In the data below, find the lines containing "Modern" and say how many there are, nothing more.

Start of Material for this task

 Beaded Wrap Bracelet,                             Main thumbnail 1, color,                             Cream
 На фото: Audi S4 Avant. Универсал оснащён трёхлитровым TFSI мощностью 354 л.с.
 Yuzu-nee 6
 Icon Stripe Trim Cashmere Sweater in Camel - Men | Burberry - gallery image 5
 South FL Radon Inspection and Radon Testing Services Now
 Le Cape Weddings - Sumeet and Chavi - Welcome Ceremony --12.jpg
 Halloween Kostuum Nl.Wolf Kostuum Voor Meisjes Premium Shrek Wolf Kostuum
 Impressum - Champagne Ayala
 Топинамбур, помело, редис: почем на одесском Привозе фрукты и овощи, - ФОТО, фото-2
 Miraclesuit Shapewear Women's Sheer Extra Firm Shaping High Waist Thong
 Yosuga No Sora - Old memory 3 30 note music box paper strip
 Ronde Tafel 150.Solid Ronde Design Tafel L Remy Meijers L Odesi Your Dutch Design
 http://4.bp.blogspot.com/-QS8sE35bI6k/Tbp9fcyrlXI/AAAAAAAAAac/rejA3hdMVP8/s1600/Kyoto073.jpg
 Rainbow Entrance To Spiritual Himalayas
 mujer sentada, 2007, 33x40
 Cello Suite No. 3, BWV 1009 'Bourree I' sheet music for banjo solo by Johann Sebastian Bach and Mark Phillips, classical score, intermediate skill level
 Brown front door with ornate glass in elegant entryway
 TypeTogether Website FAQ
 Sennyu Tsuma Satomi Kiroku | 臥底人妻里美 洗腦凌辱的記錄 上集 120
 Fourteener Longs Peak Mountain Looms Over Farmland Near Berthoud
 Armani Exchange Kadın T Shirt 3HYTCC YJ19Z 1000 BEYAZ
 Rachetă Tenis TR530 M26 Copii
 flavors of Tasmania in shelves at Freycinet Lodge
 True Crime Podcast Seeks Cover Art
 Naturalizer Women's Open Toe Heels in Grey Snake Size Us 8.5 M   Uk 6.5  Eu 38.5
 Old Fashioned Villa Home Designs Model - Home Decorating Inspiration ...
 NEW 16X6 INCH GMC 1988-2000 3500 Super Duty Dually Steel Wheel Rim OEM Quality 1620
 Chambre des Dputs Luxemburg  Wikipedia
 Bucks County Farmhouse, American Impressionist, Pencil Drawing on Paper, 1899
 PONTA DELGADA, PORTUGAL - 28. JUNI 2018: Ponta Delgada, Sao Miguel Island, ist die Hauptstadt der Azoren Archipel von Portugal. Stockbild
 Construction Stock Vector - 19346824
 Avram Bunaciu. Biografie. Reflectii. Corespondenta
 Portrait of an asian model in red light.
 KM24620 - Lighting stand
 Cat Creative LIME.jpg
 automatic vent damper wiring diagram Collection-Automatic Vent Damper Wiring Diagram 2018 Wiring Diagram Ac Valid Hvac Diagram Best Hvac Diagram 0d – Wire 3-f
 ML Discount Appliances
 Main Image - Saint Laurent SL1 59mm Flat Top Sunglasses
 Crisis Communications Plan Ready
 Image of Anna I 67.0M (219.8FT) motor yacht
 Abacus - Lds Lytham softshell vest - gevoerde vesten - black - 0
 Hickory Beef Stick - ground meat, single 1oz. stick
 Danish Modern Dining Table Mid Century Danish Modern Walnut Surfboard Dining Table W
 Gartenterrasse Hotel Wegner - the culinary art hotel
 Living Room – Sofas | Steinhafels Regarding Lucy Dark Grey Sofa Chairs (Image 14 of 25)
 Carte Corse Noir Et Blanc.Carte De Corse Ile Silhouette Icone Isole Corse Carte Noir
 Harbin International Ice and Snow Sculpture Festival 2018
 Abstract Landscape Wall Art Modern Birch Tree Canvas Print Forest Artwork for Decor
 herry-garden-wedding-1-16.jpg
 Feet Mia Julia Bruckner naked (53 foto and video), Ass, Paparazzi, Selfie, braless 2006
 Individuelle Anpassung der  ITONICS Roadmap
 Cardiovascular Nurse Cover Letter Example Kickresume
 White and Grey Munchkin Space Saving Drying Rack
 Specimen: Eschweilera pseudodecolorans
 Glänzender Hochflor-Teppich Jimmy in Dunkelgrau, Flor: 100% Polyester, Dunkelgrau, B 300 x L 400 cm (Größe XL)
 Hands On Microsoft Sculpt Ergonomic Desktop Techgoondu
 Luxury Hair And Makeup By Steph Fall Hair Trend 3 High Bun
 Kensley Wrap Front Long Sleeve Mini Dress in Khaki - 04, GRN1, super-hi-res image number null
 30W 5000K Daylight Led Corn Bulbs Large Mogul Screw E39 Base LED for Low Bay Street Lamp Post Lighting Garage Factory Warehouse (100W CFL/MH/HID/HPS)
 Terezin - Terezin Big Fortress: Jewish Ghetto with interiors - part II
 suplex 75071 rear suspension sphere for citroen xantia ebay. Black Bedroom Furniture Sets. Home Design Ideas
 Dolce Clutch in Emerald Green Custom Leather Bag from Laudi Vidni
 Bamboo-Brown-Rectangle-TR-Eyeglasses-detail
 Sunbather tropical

End of Material for this task

● Output of the exercise
2